I’ve observed that while mainstream American grocery chains have largely supersized, suburbanized, and left the small-format grocery store segment behind, that segment survives in immigrant-owned independent small groceries and in the German imports Aldi and Lidl. Meaning, it’s still possible to do grocery retailing in this format.
In yet another piece that I have in Resident Urbanist—check them out and sign up, it’s a cool new web publication exploring practical, applied urbanism, and I’m a board member and regular writer there!—I looked more closely at some small grocery stores in Northern Virginia, and asked what it would take to bring this segment back in a big way.
I’m careful to specify that I’m not writing against big-box stores or large supermarkets—I’m rather arguing that these stores leave a market segment empty. The scale at which a typical chain supermarket operates today is physically and financially incompatible with a walkable setting, with it being nestled into a Main Street or a modern mixed-use development. I think about the question of convenience, and how that can mean many different things:
Neighborhood supermarkets are also convenient because their smaller footprints and parking lots mean they’re less imposing to walk to, less time consuming to park at, and quicker to run in for one or two items. We might think of size and selection as convenience, but a store with tens of thousands of items and 50,000 (or 100,000 or more, in the case of a supercenter store) square feet is not scaled to the quick, frequent errand run. These are different kinds of efficiencies or conveniences. Huge stores concentrate and centralize shopping runs in the same way they concentrate economic activity and concentrate the physical locations where it is possible to buy things. We are largely missing a whole other category of conveniences that come from physically smaller, financially more nimble, and geographically more distributed stores.

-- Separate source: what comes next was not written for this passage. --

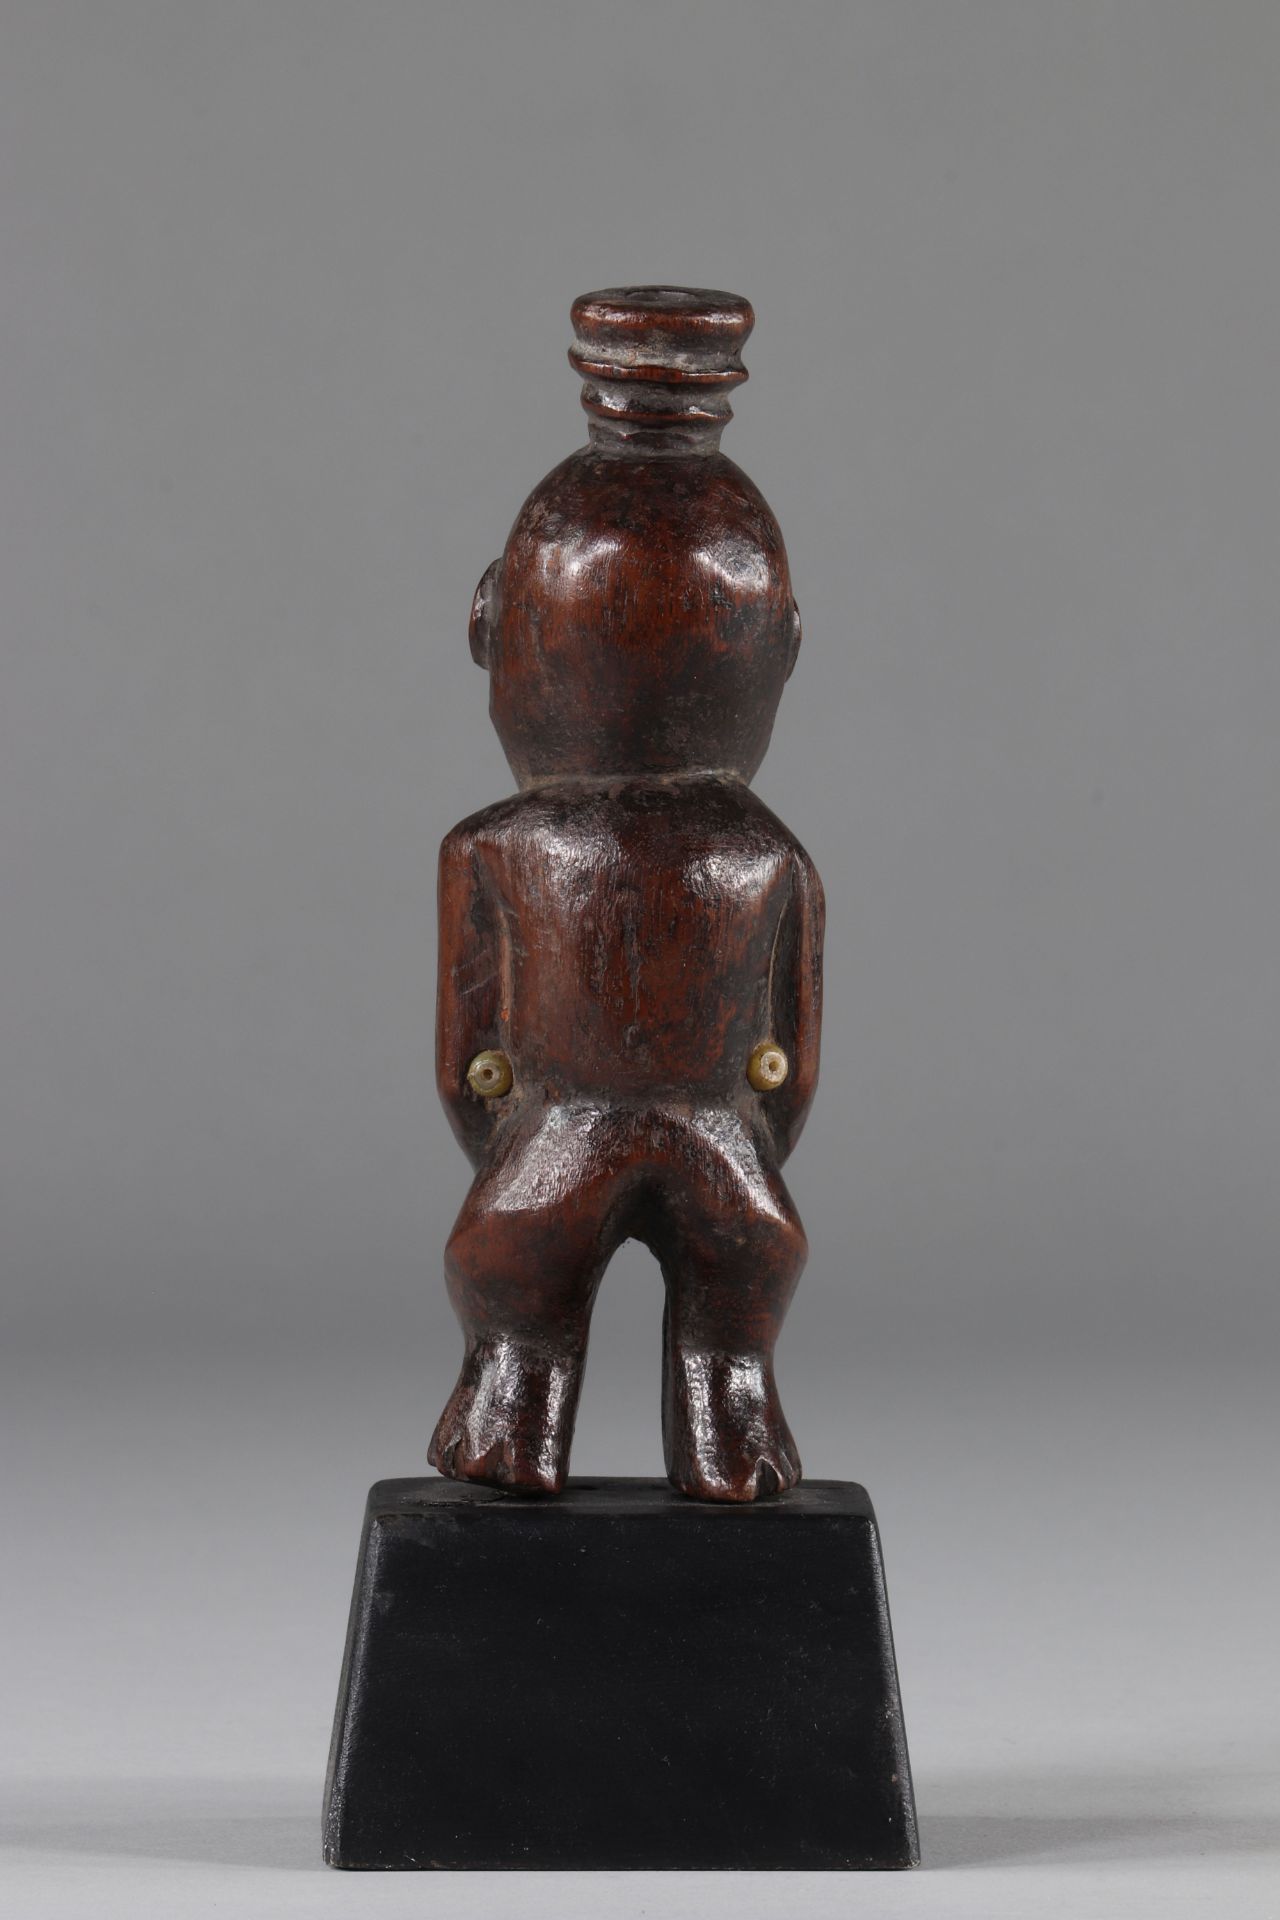 Kusu, DRC, Fetish representing wisdom, wood, glass beads, old patina of use, late 19th early 20th ce - Image 3 of 4
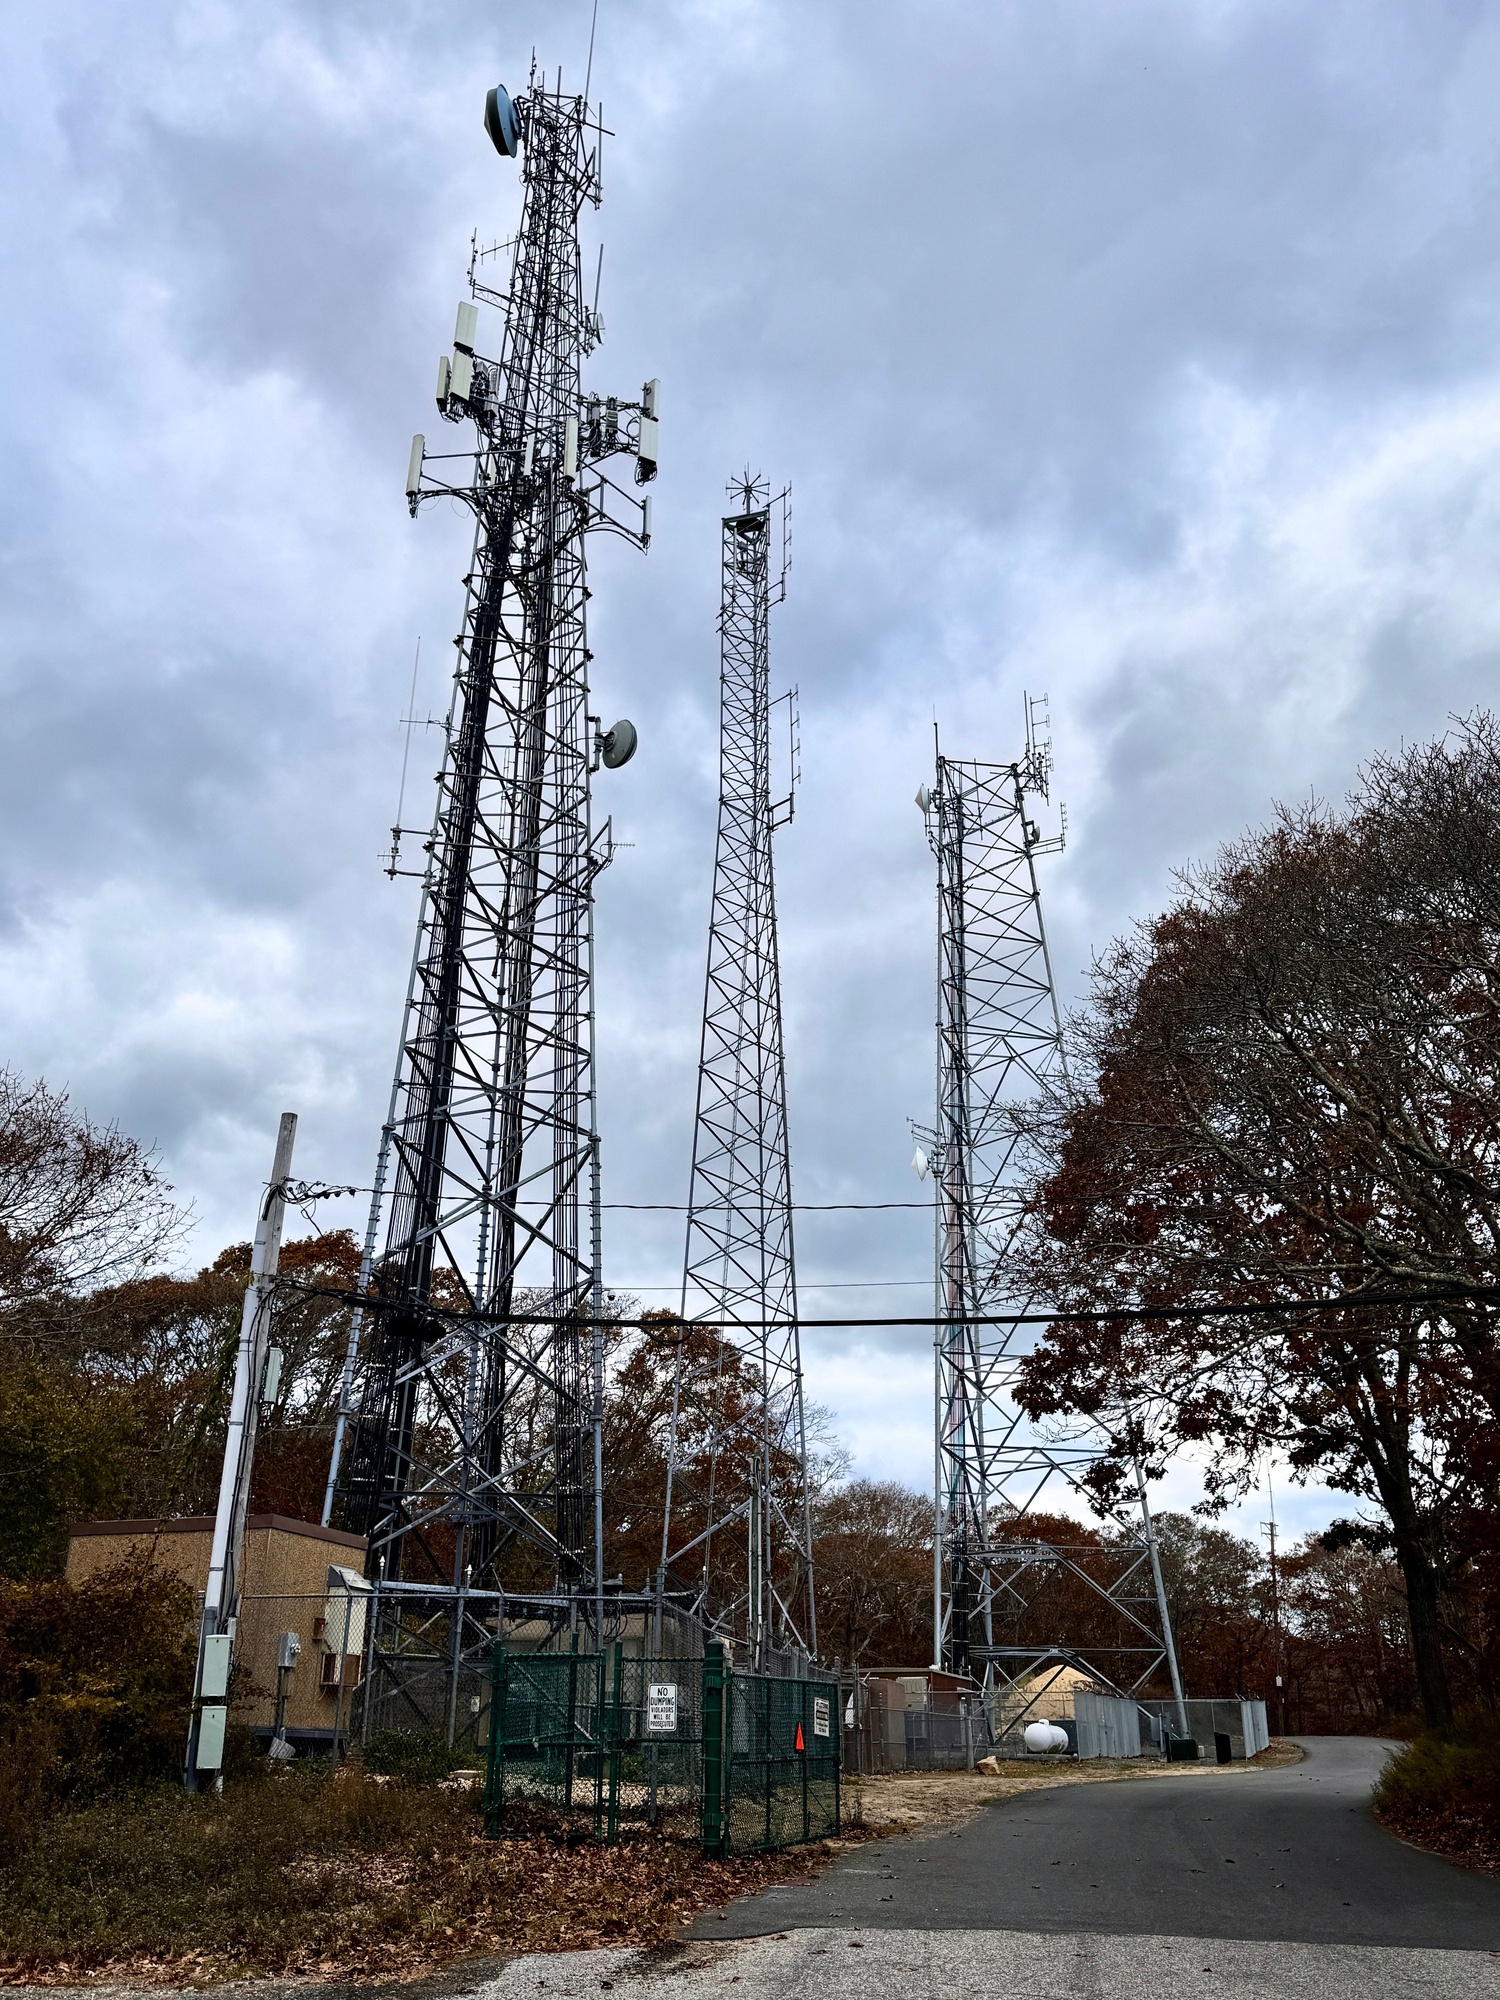 A new tower at the Montauk dump was needed to hold the new radio equipment, and cost nearly $1 million to build.

But I want to focus in even more detail on one particular, really fascinating phenomenon I’ve observed. It looks like, generally, the smaller a store is by square footage, the more densely packed its interior tends to be. In other words, the less overall space you have, the more efficiently you use that space. As supermarkets have become larger over time, they’ve become less “dense.” Like a miniature version of what’s happened with our land use.
So I want to show you a series of photos of supermarket aisles I’ve taken, and illustrate this progression.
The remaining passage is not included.